Fair Housing Act of 1968 Facts

Fair Housing Act of 1968 Facts
The Fair Housing Act of 1968 is actually Title VII of the Civil Rights Act of 1968. Signed into law one week after Martin Luther King Junior was assassinated, the act essentially protects buyers and renters from discrimination based on any of the civil rights acts, which includes race, national origin, sex, disabilities, familial status (having children), pregnancy, and age. A 2017 court ruling added sexual orientation and gender identity to the list of protected classes under the Fair Housing Act of 1968. For most of American history, housing discrimination was an accepted practice and for the most part the law in many southern states. Although in the north and west there was no Jim Crow style segregation, homeowners organizations often worked with realtors and local governments to keep neighborhoods and even entire towns segregated. Some of the most segregated towns and neighborhoods in America were in the north and west: Chicago and its suburbs, the Los Angeles area, and the New York City metropolitan region were just as segregated as the south in many ways. After World War II, civil rights activists began to challenge these housing practices by protest and bringing lawsuits. Eventually, civil rights got enough lawmakers to sympathize with their ideas, which made the Fair Housing Act of 1968 a reality.

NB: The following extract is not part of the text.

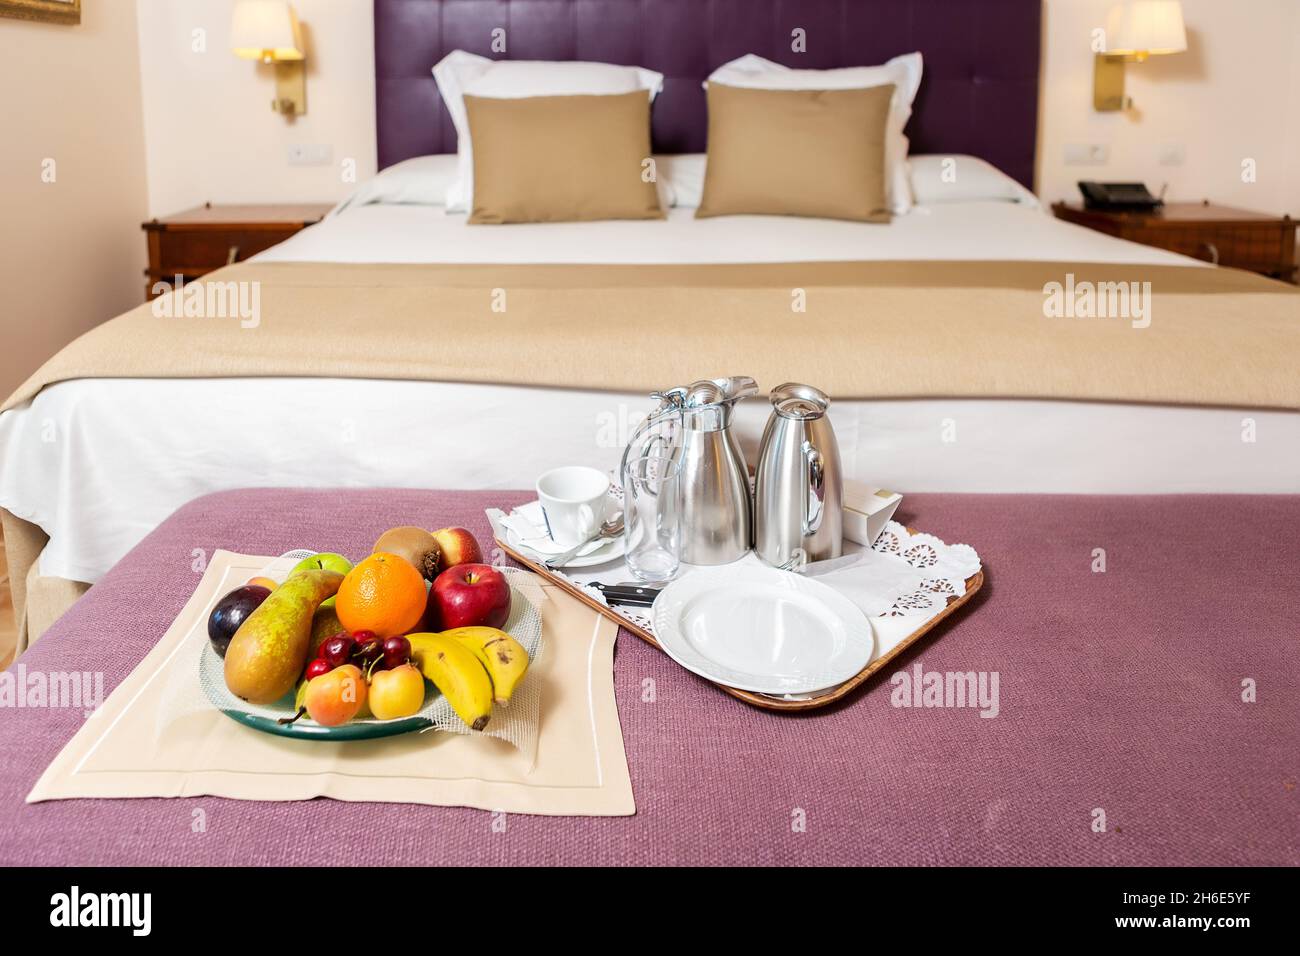 Teller mit verschiedenen Früchten und Kaffee-Set auf Tablett platziert Auf dem Tisch mit violetter Abdeckung auf dem Hintergrund des Bettes in Weiße und braune Farben Stockfoto
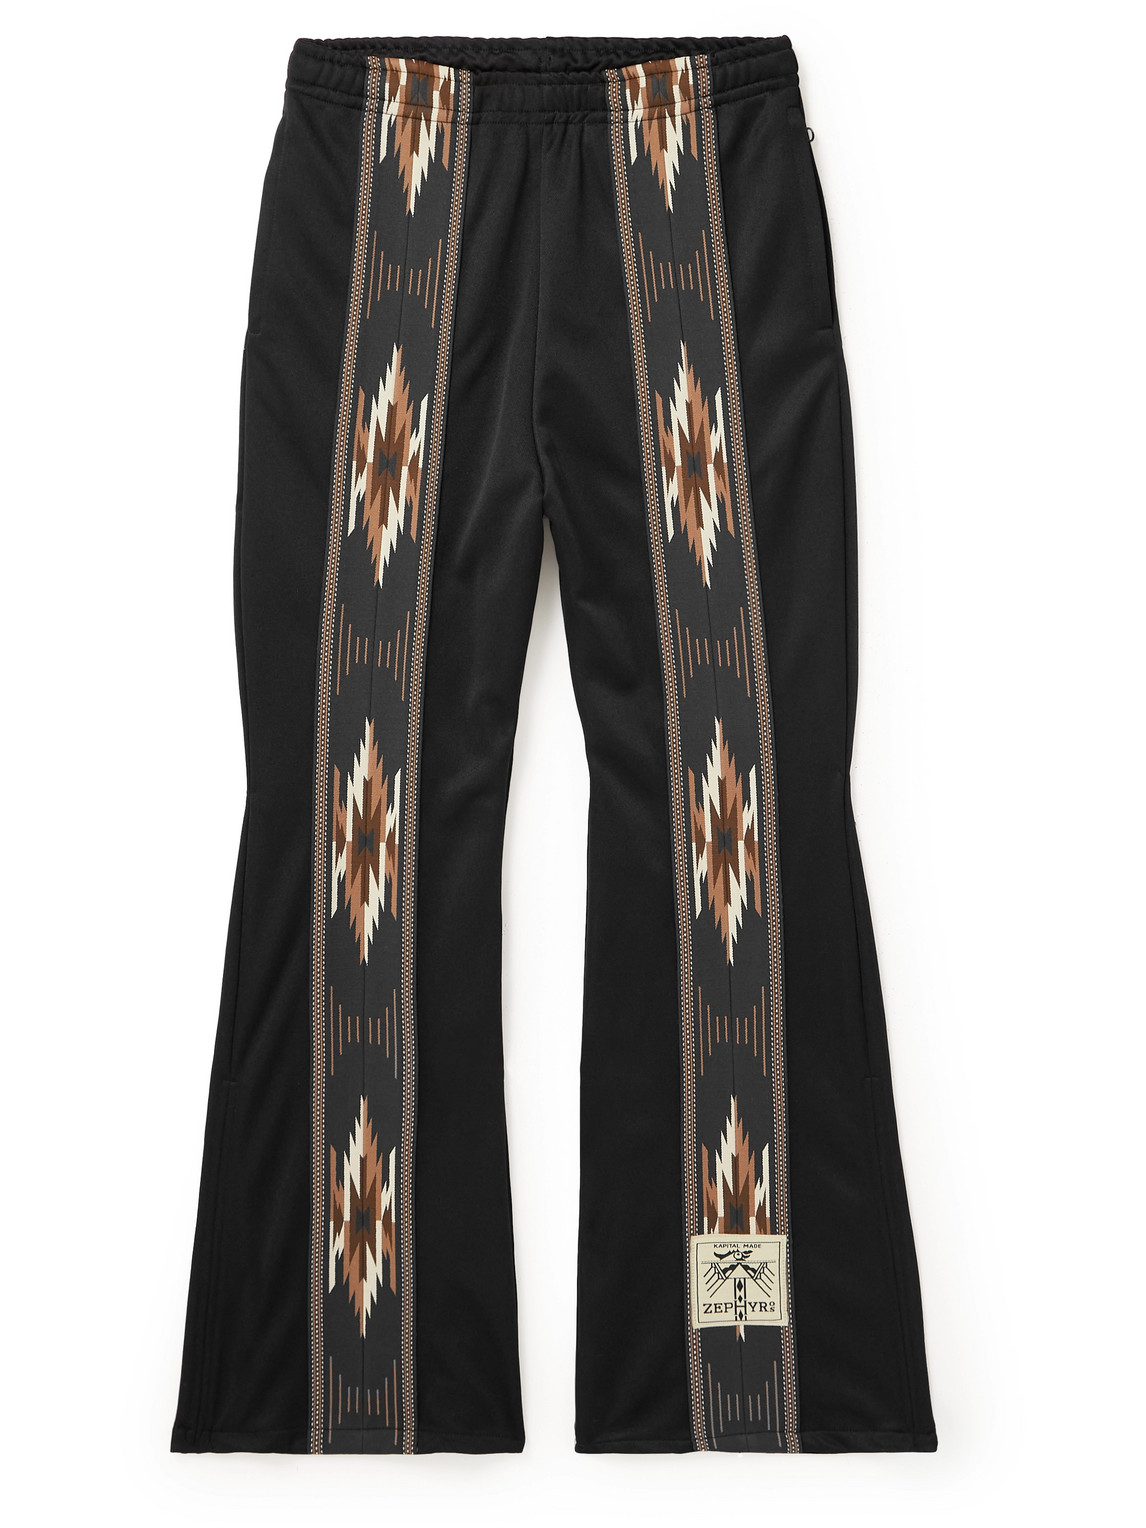 Kochi & Zephyr Straight-Leg Webbing-Trimmed Jersey Sweatpants

Interesting Fair Housing Act of 1968 Facts:
The United States Department of Housing and Urban Development (HUD) is the federal agency that oversees the enforcement of the Fair Housing Act.
Within HUD, the Office of Fair Housing and Equal Opportunity (FHEO) operates as the enforcement arm of the Fair Housing Act, employing investigators and attorneys to carry out is mandates.
In the southern states, the FHEO had to wait to carry out its mission until legal segregation was officially dismantled by the end of the 1960s.
The head of HUD is a secretary in the president's cabinet and therefore must be approved by the Senate before taking office.
HUD was established in 1965, with Robert Weaver becoming the first secretary in January 1965.
Ben Carson is the current Secretary of HUD.
The Fair Housing Act of 1968 was part of President Lyndon Johnson's "Great Society" program.
One of the programs that HUD operates is known as the Fair Housing Assistance Program (FHAP), which provides funds to state and local agencies to enforce the Fair Housing Act.
Racial discrimination was initially the only type of discrimination covered under the Fair Housing Act, but sex was added in 1974, and disabilities and familial status were added in 1988.
Although a federal judge ruled that sexual orientation and gender identity are covered under the Fair Housing Act, the Supreme Court could overrule that decision.
Although HUD is the cabinet office that overseas the majority of housing discrimination cases, the Department of Justice, which is also a cabinet department, investigate cases of repeated violations.
If violations of the Fair Housing Act are deemed to be criminal, they are then prosecuted by the Department of Justice.